### WORK TASK
Please reproduce all of the data below exactly, leaving each picture out.

### DATASET SECTION
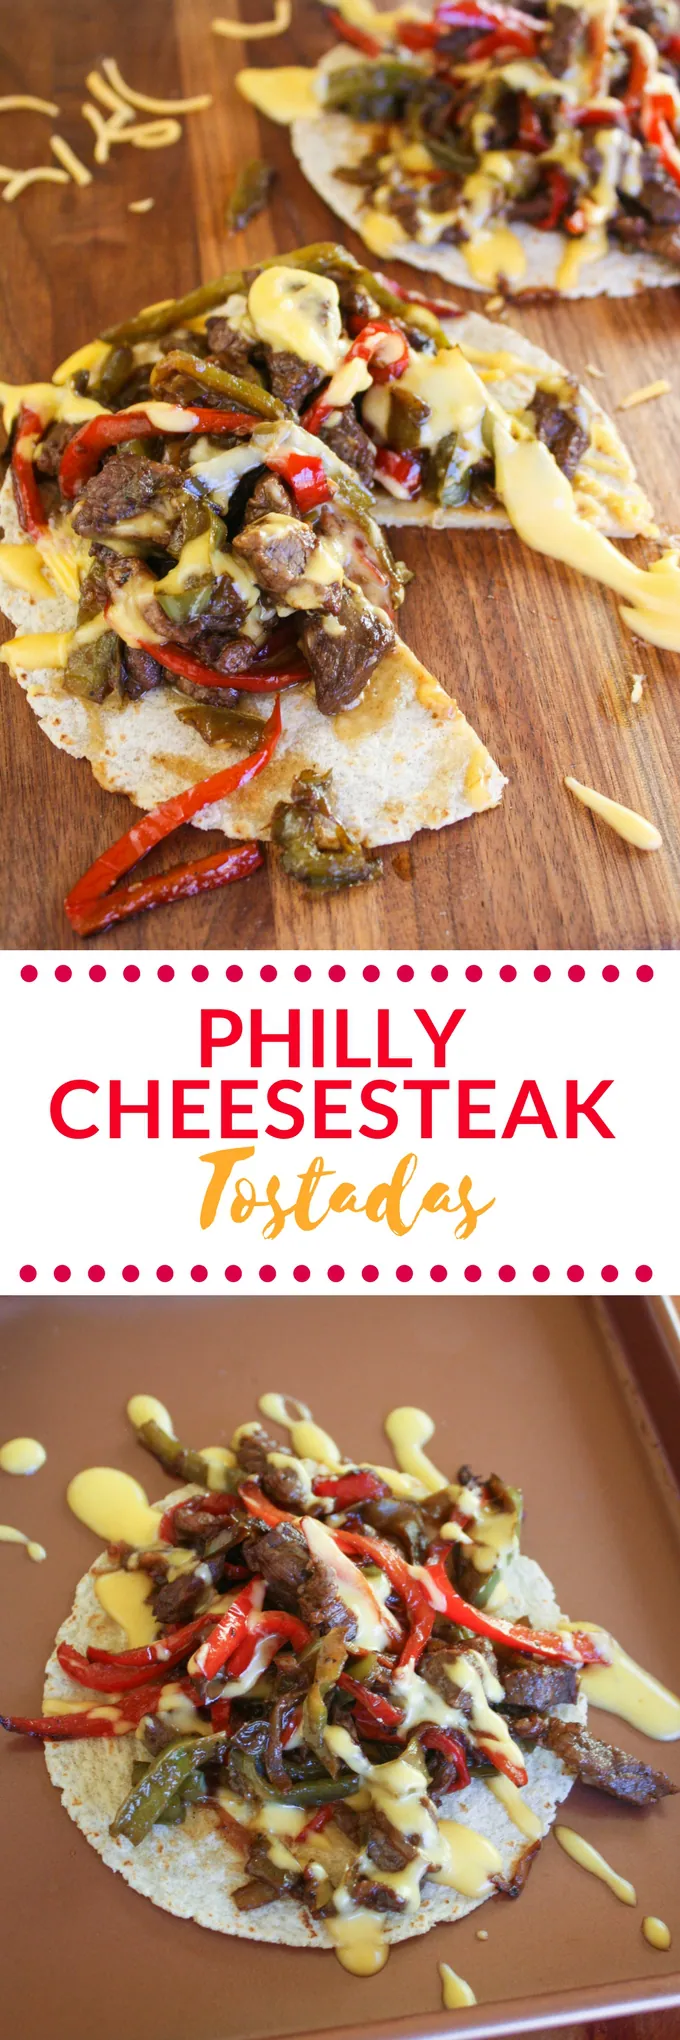 Philly Cheesesteak Tostadas are a fun meal any night of the week. Philly Cheesesteak Tostadas are a great take on the classic sandwich!
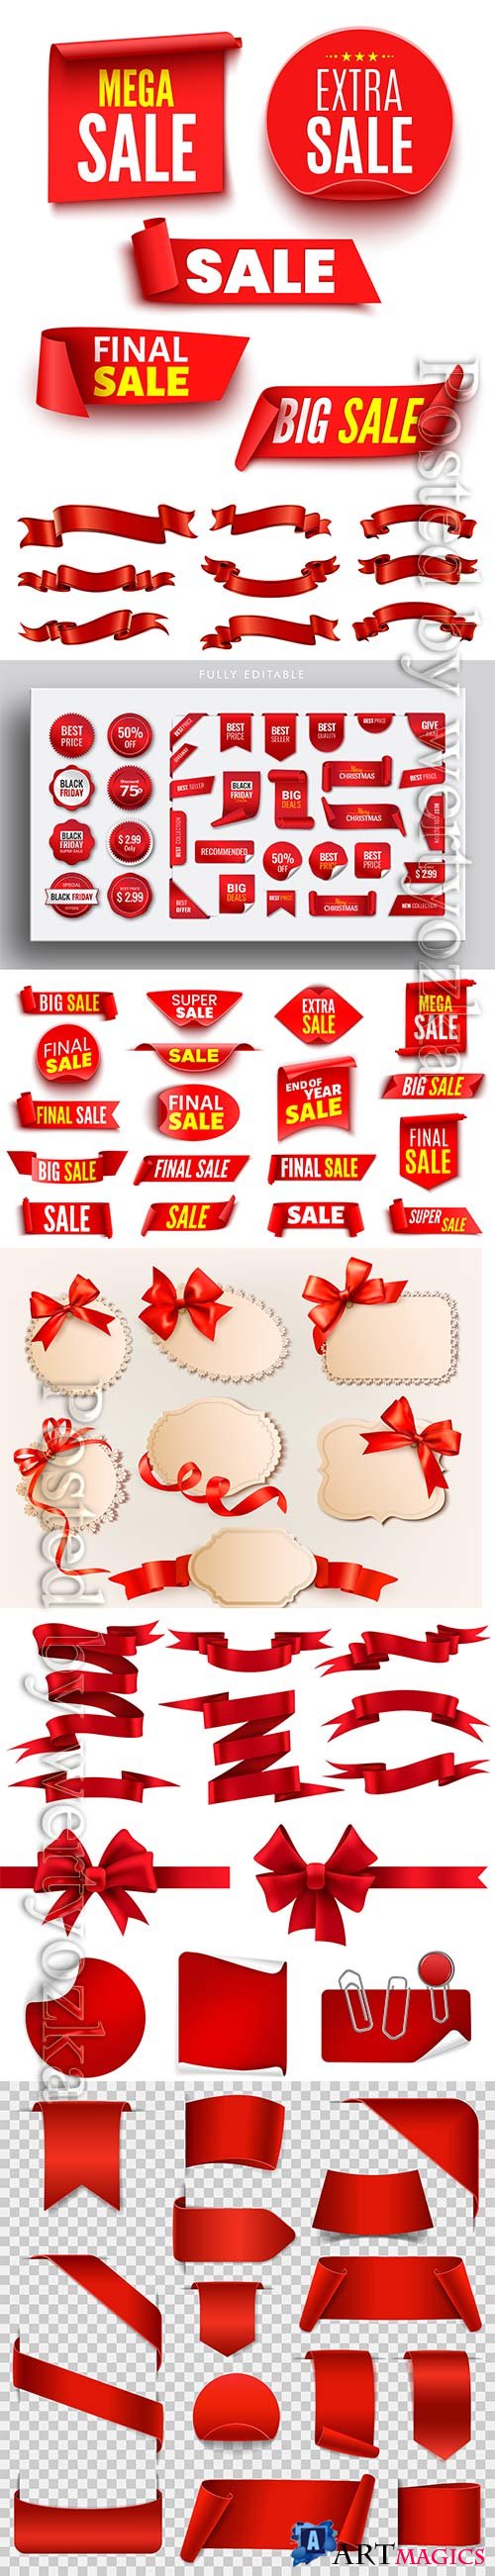 Red ribbon collection pack for event banners and price tag badges
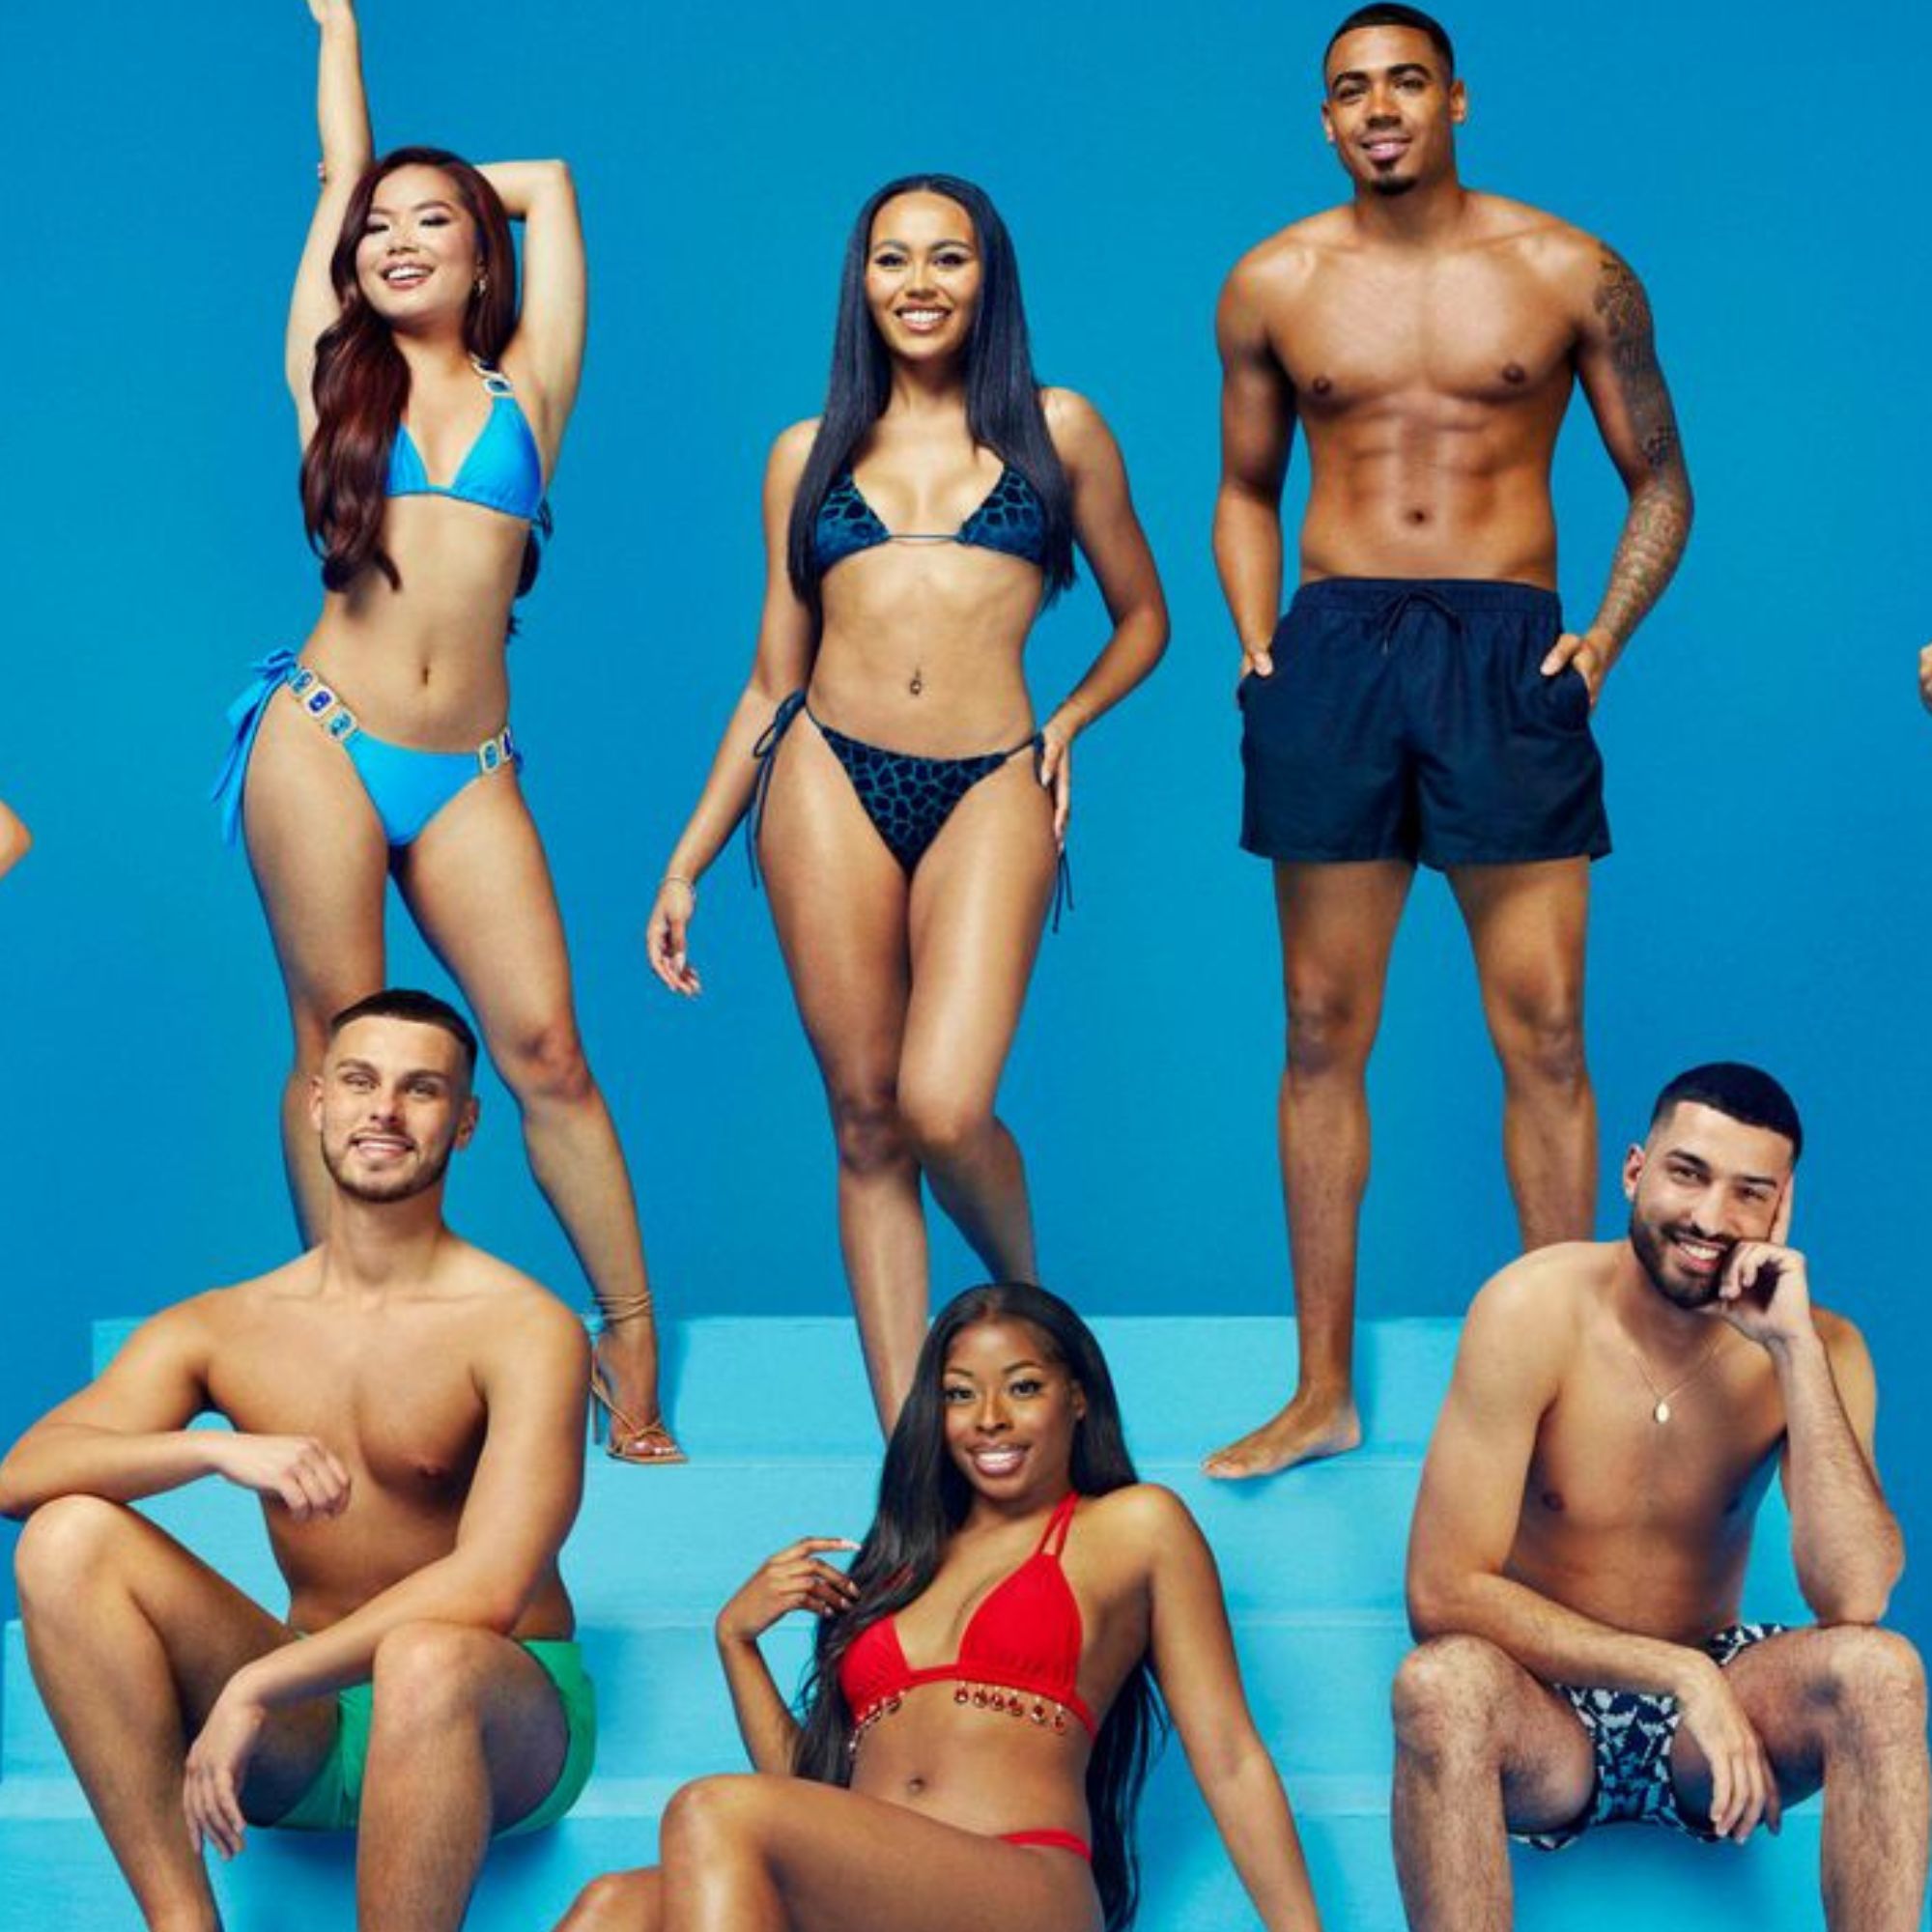 Everything You Need to Know About "Love Island UK" Season 10

### EXERCISE OUTPUT
 Philly Cheesesteak Tostadas are a fun meal any night of the week. Philly Cheesesteak Tostadas are a great take on the classic sandwich!
 Red ribbon collection pack for event banners and price tag badges
 Everything You Need to Know About "Love Island UK" Season 10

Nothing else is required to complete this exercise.